Evolution of YARN to support HPC like applications:
YARN which was first released with Hadoop in 2012 and deployed to production at Yahoo! in 2013 has been a continuously evolving project. The evolution however was highly focused around improving the resource utilization and throughput with the use of either commodity hardware or high capacity CPU severs. Applications involving the use of non-conventional hardware like GPUs to develop accelerated applications or application involving high amount of graphical processing were not natively supported.
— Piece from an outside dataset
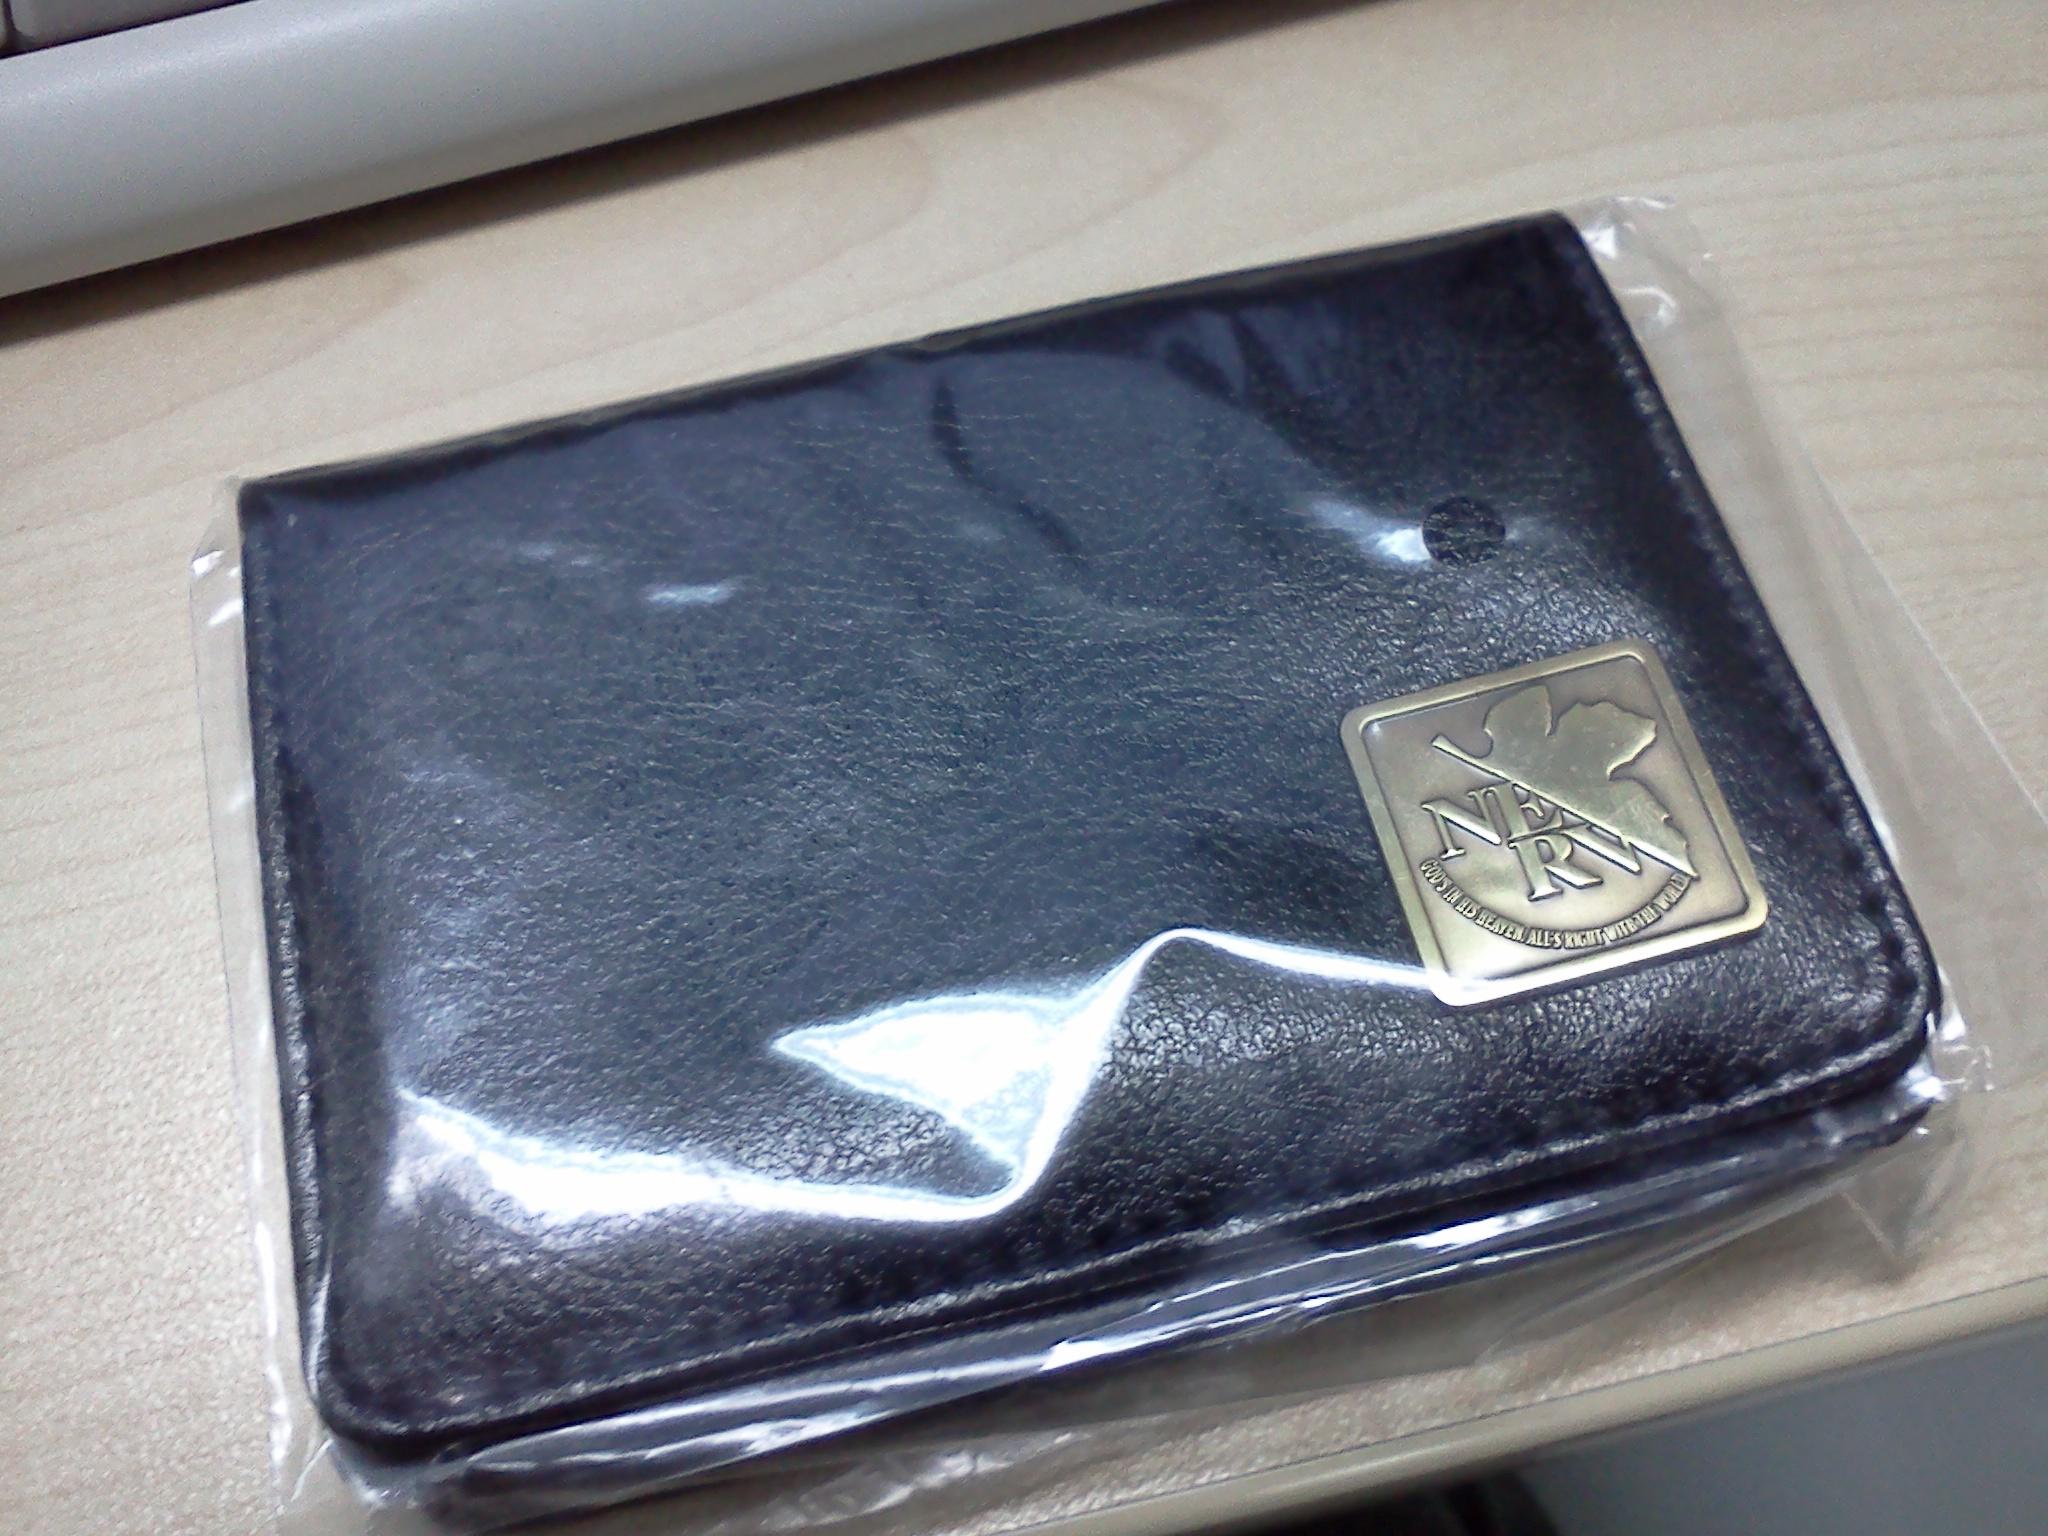 NERV Cardholder

With the recent launch of Hadoop 3.1.0, first-class support for container orchestration, GPUs and FPGA scheduling and isolation has become possible.
YARN service framework providing first class support and hosting long running services in YARN helps users to program their algorithms without having to worry about the cluster resource management and availability.
YARN service framework like Kubernetes now provides container orchestration platform for managing containerised services on YARN. Docker containers as well as traditional process based containers are now supported natively in YARN. This would help the users to develop their applications quickly without having to worry about the fine grains of resource management and deployment environment.
The biggest shift towards HPC user support has come in the form of introduction of first class GPU scheduling and isolation support on YARN. Though as of now only NVIDIA GPUs are supported, GPU scheduling both Docker and non-Docker containers can be used as the runtime context. GPU scheduling and isolation can be done in both distributed mode with or without Docker.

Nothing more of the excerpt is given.